Jacob sat himself down in the quarry where the Greeks had cut marble for the theatre. It is hot work walking up Greek hills at midday. The wild red cyclamen was out; he had seen the little tortoises hobbling from clump to clump; the air smelt strong and suddenly sweet, and the sun, striking on jagged splinters of marble, was very dazzling to the eyes. Composed, commanding, contemptuous, a little melancholy, and bored with an august kind of boredom, there he sat smoking his pipe.

Bonamy would have said that this was the sort of thing that made him uneasy--when Jacob got into the doldrums, looked like a Margate fisherman out of a job, or a British Admiral. You couldn't make him understand a thing when he was in a mood like that. One had better leave him alone. He was dull. He was apt to be grumpy.

He was up very early, looking at the statues with his Baedeker.

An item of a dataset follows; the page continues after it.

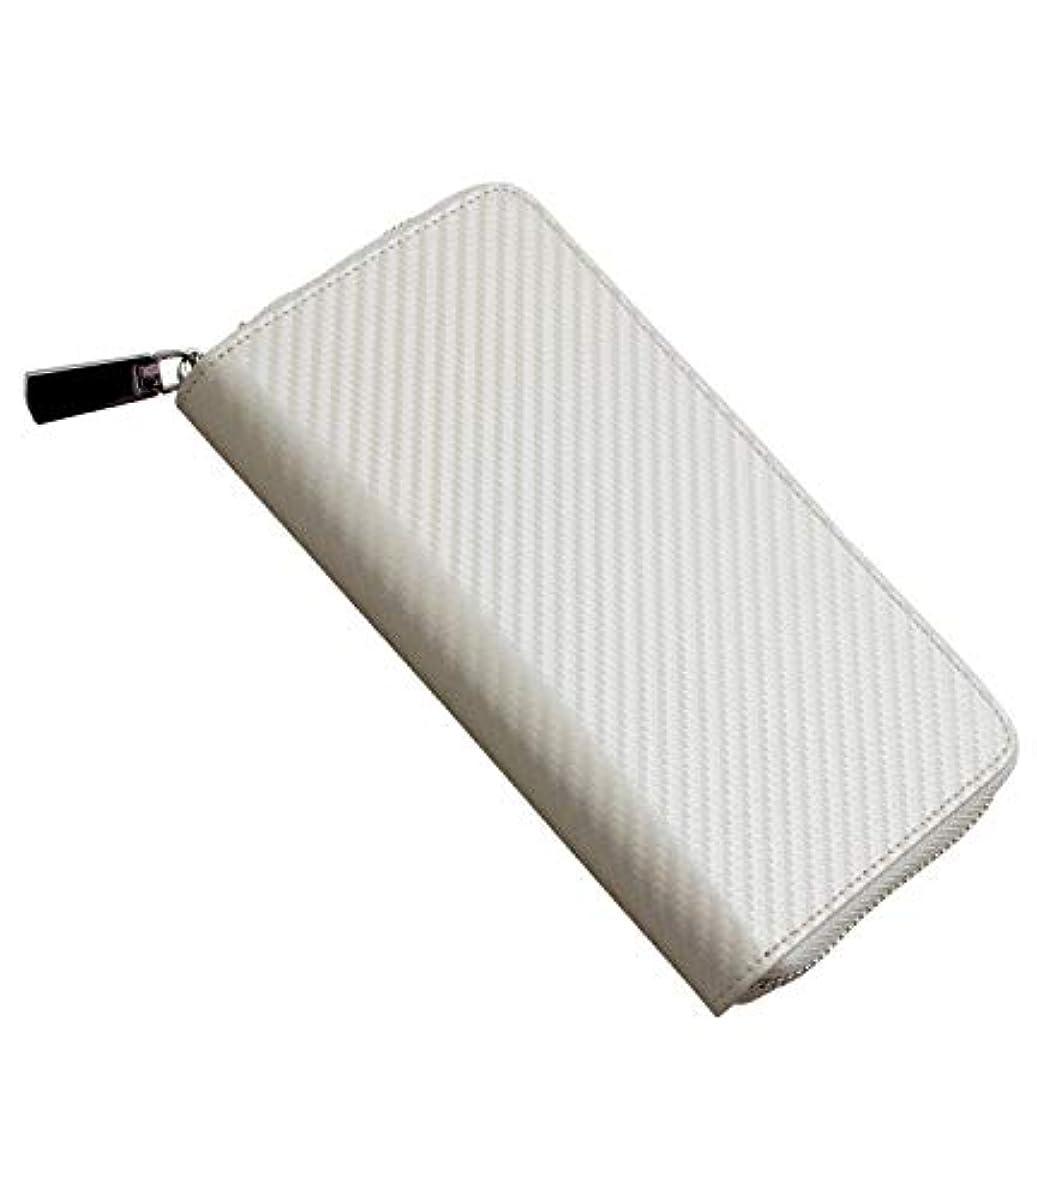 [해외] HIGH FIVE 아이고스3 아이고스3멀티 케이스 양방 들어 건 신형 IQOS3 IQOS3MULTI 전용 케이스 카본 레져 지갑형 가죽 카드 만들어 넣음담는 그릇·상자 등 본체 heat 스틱 전부 수납 홀더 펄 화이트
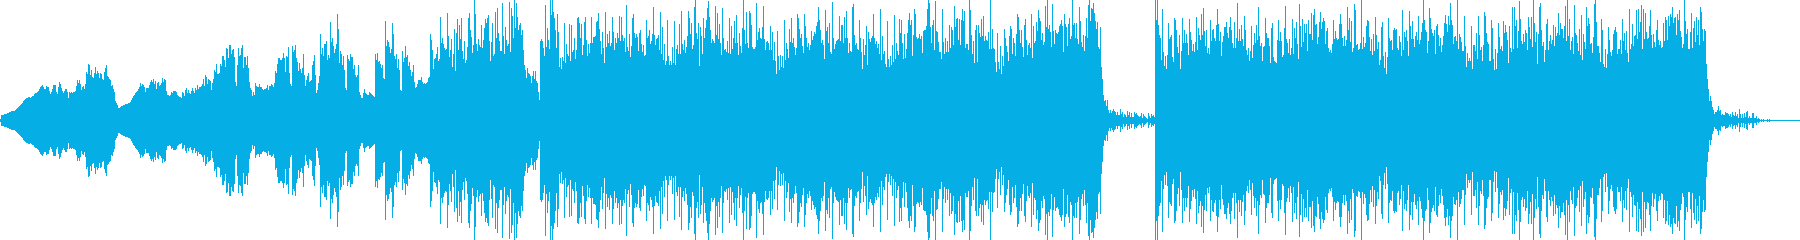 宇宙/科学ドキュメンタリー調近未来的音楽の再生済みの波形

Sandra Wentworth Williams, ranging the world before breakfast in quest of adventure or a point of view, all in white, not so very tall perhaps, but uncommonly upright--Sandra Williams got Jacob's head exactly on a level with the head of the Hermes of Praxiteles. The comparison was all in his favour. But before she could say a single word he had gone out of the Museum and left her.

Still, a lady of fashion travels with more than one dress, and if white suits the morning hour, perhaps sandy yellow with purple spots on it, a black hat, and a volume of Balzac, suit the evening. Thus she was arranged on the terrace when Jacob came in. Very beautiful she looked. With her hands folded she mused, seemed to listen to her husband, seemed to watch the peasants coming down with brushwood on their backs, seemed to notice how the hill changed from blue to black, seemed to discriminate between truth and falsehood, Jacob thought, and crossed his legs suddenly, observing the extreme shabbiness of his trousers.

"But he is very distinguished looking," Sandra decided.